I agree with the authors’ initial contention that the Rabbanut’s actions are “senseless and arbitrary,” not systematic. The initial decision about Rabbi Weiss seems to have been based on an ad-hoc decision based on the opinion of some anonymous rabbinic acquaintance of the new chief rabbis – apparently an officer of the RCA, but who was not acting in that capacity and, to my knowledge, remains unknown. All agree that this state of affairs is intolerable, which is why the RCA and Israeli organizations ITIM and Ne’emanei Torah Va’Avoda have proposed solutions. Each solution has its strong points and drawbacks, but each organization should be commended for attempting to impose some order on an arbitrary and capricious state of affairs.

Thirdly, the narrative about the Rabbanut that has been adopted by the authors and numerous others is that the Rabbanut must be reformed because it is becoming increasingly haredi. It is no accident that the current crescendo of anti-Rabbanut sentiment came on the heels of the election of chief rabbis backed by haredi parties and the defeat of Rabbi David Stav, considered the more open-minded of the Religious Zionist candidates.

However, this narrative is doubly flawed. On one hand, control of the Rabbanut by haredi parties is but one symptom of structural flaws that would obtain even if Rabbi Stav had been elected. On the other hand, the new chief rabbis have moved the needle back toward moderation. To list just a few examples from the past few weeks, they have taken concrete measures to intensify sanctions against recalcitrant husbands, appoint rabbinical court judges willing to take action against recalcitrant husbands, appoint women as kashrut supervisors, improve the overall efficiency and transparency of a flagging kashrut system, instruct mikvah attendants not to interrogate their clients, and implement an interpretation of the laws of shemitta (the upcoming Sabbatical year) that takes farmers and the average consumer into consideration. Moreover, the current Knesset is drafting and passing laws to limit, decentralize, or take away the Rabbanut’s authority over various realms.
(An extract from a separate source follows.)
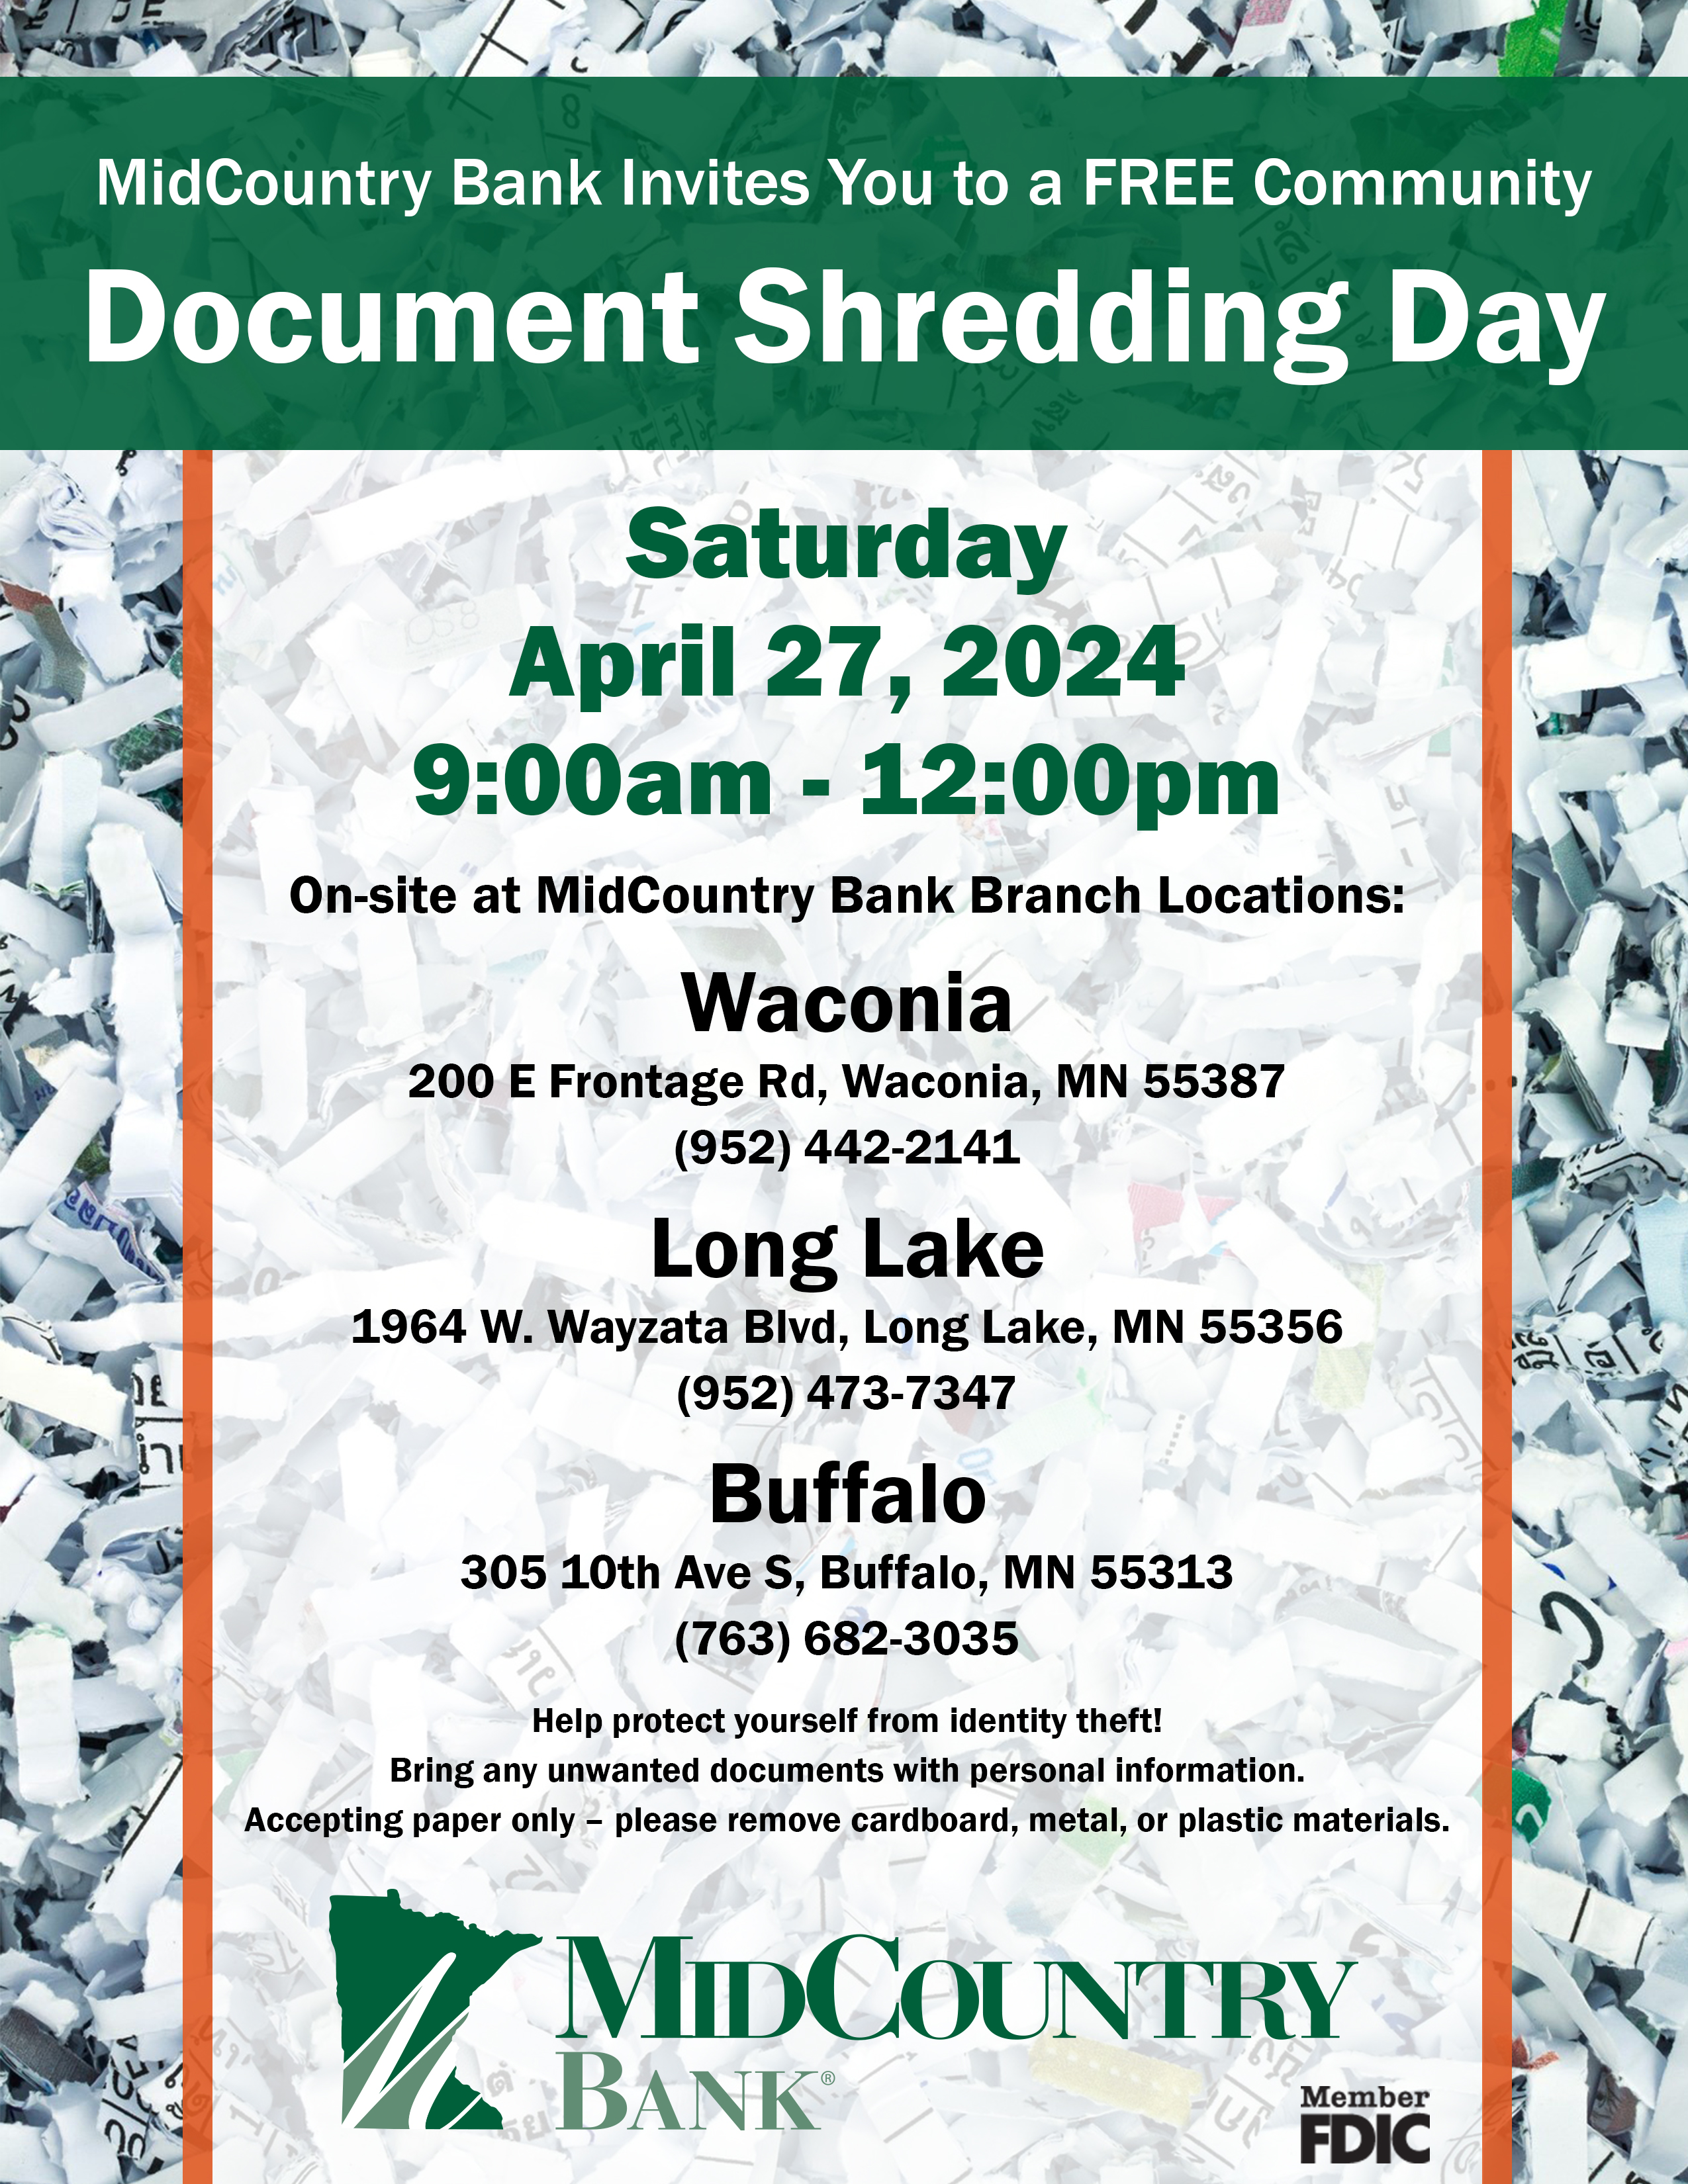 MidCountry Bank Invites You to a FREE Community Document Shredding Day
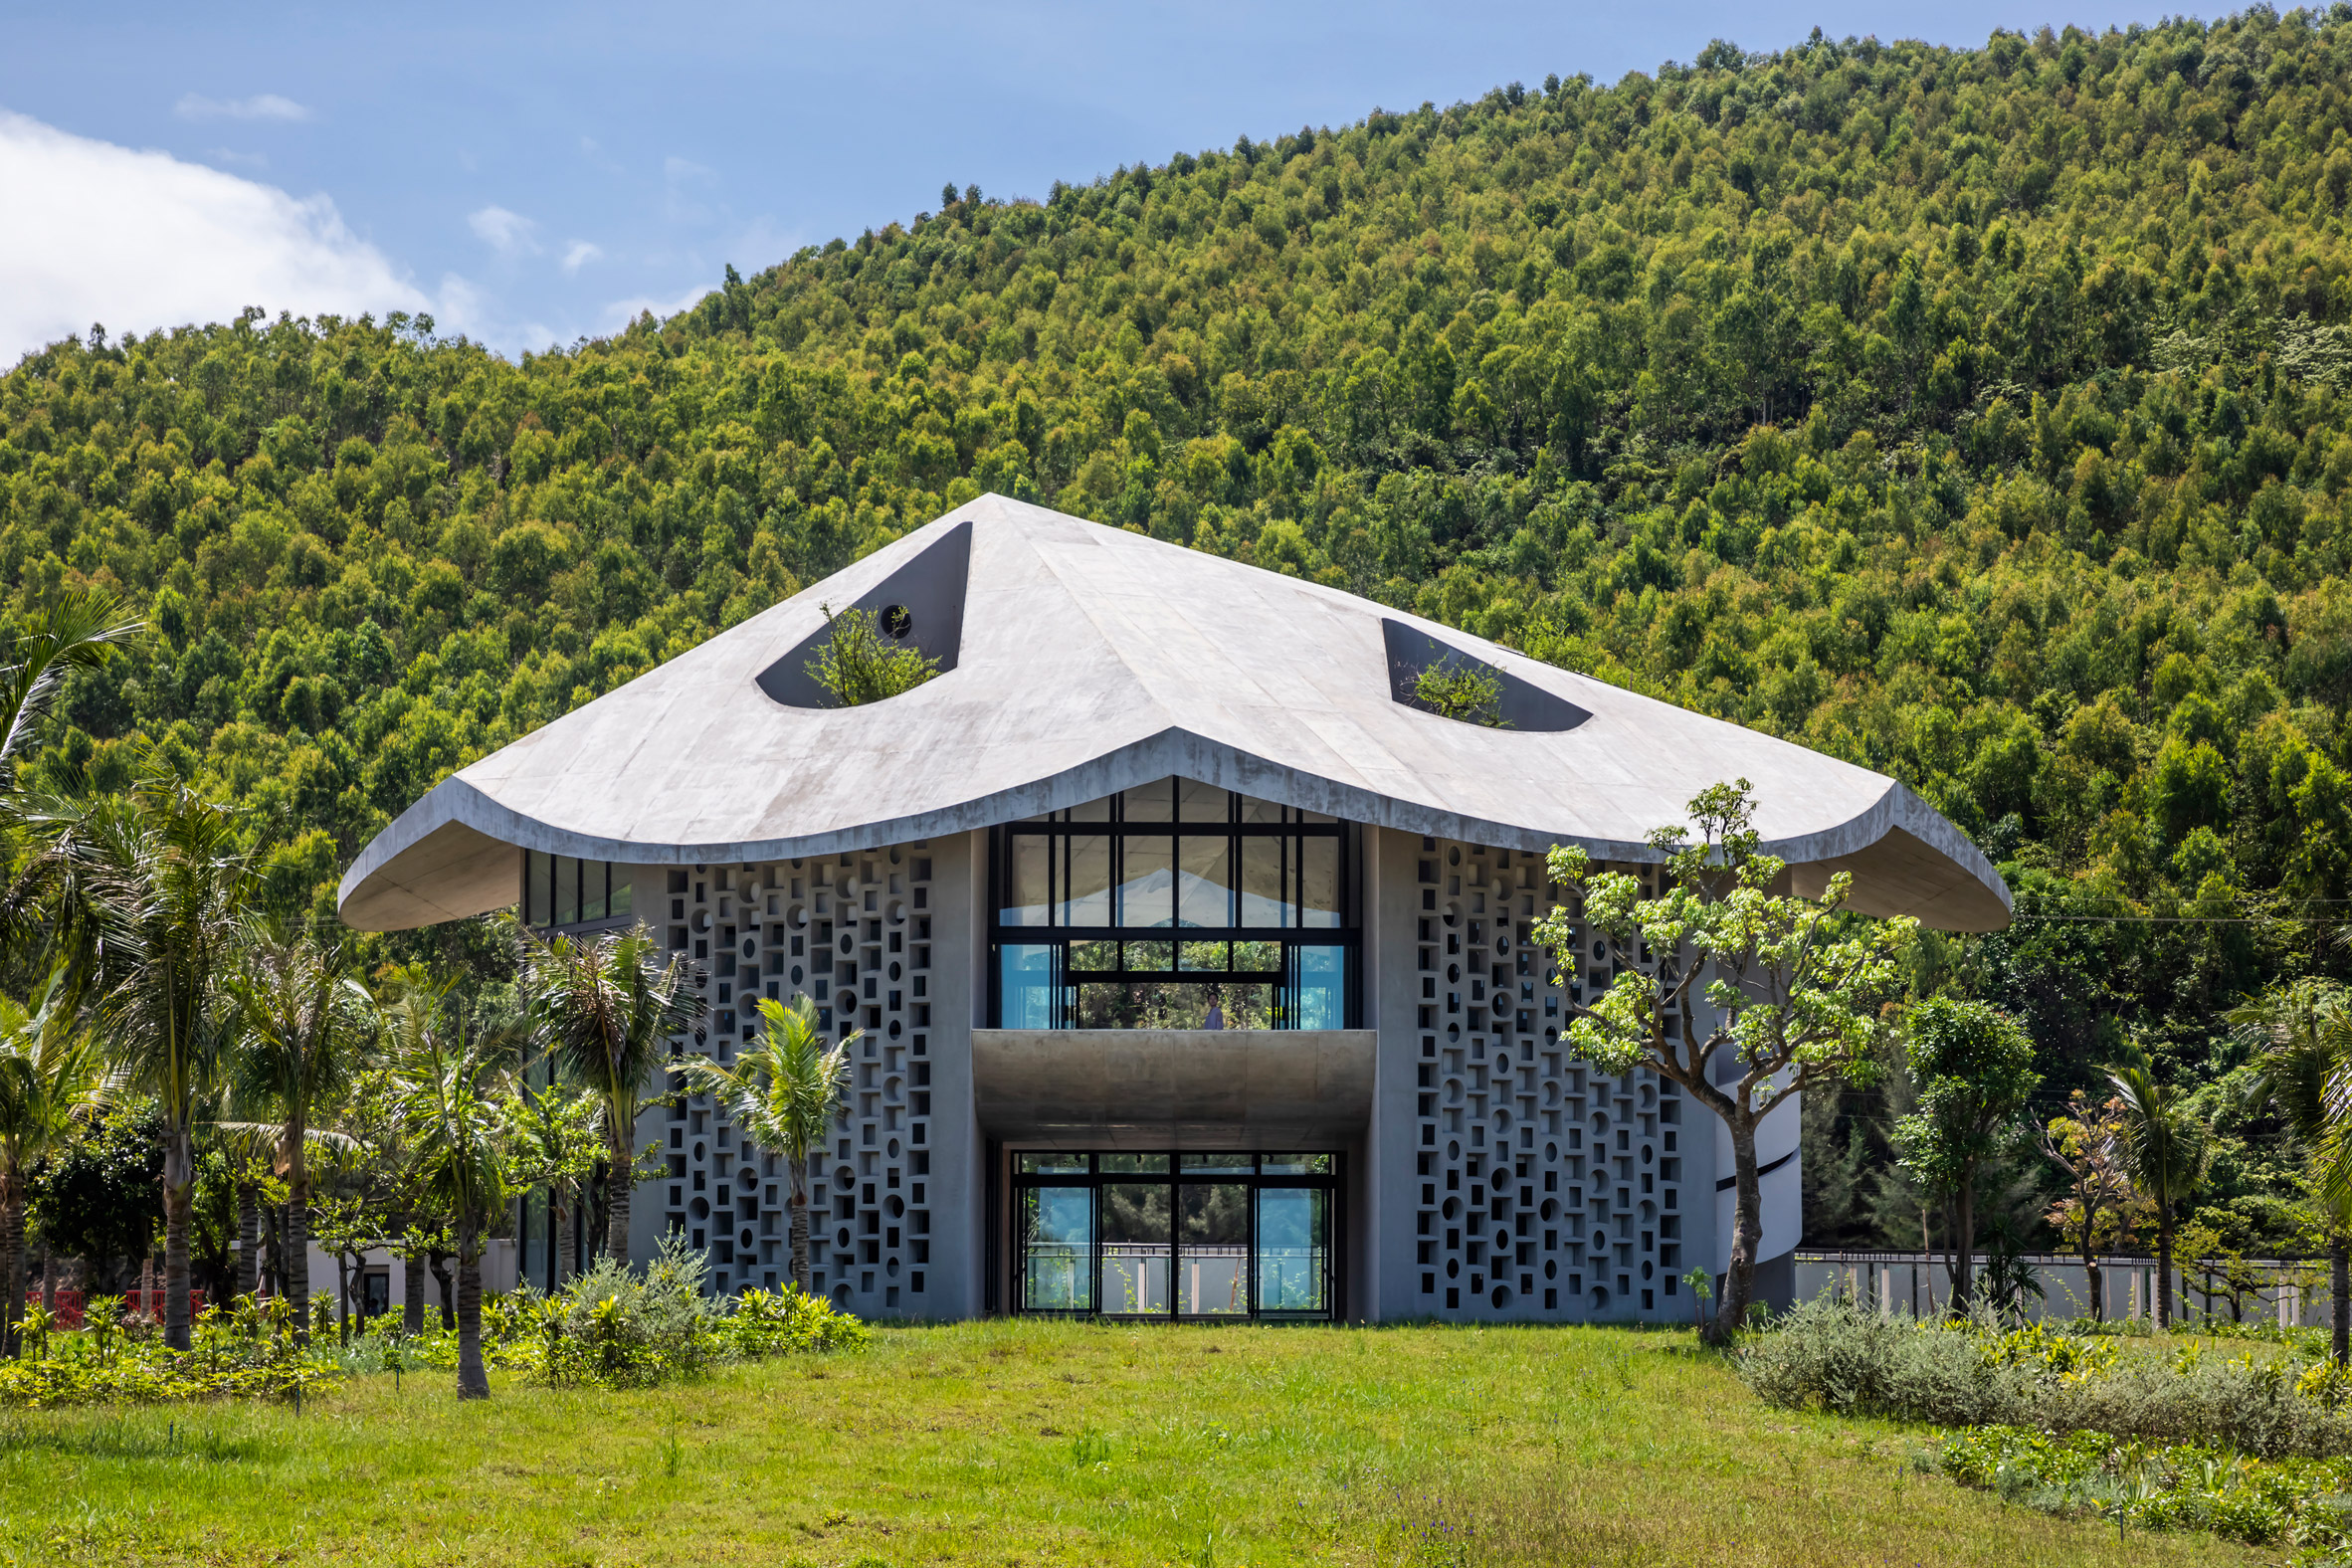 Concrete building by Inrestudio in Vietnam surrounded by tropical scenery

Finally, the authors interpret RCA deference to the Rabbanut as Modern Orthodoxy kowtowing to its haredi detractors instead of “recaptur[ing] its distinctive and independent voice.” Yet it is unrealistic to expect an association with as broad and diverse a membership as the RCA to articulate a unified vision of Modern Orthodoxy. That task is left to numerous capable individuals and institutions. Moreover, an ostensibly Modern Orthodox RCA working with an ostensibly haredi Rabbanut is no more inconsistent than working with any other arm of the Israeli government.

It’s called realpolitik.

Elli Fischer, writing from Israel, is a regular contributor to The Jewish Week.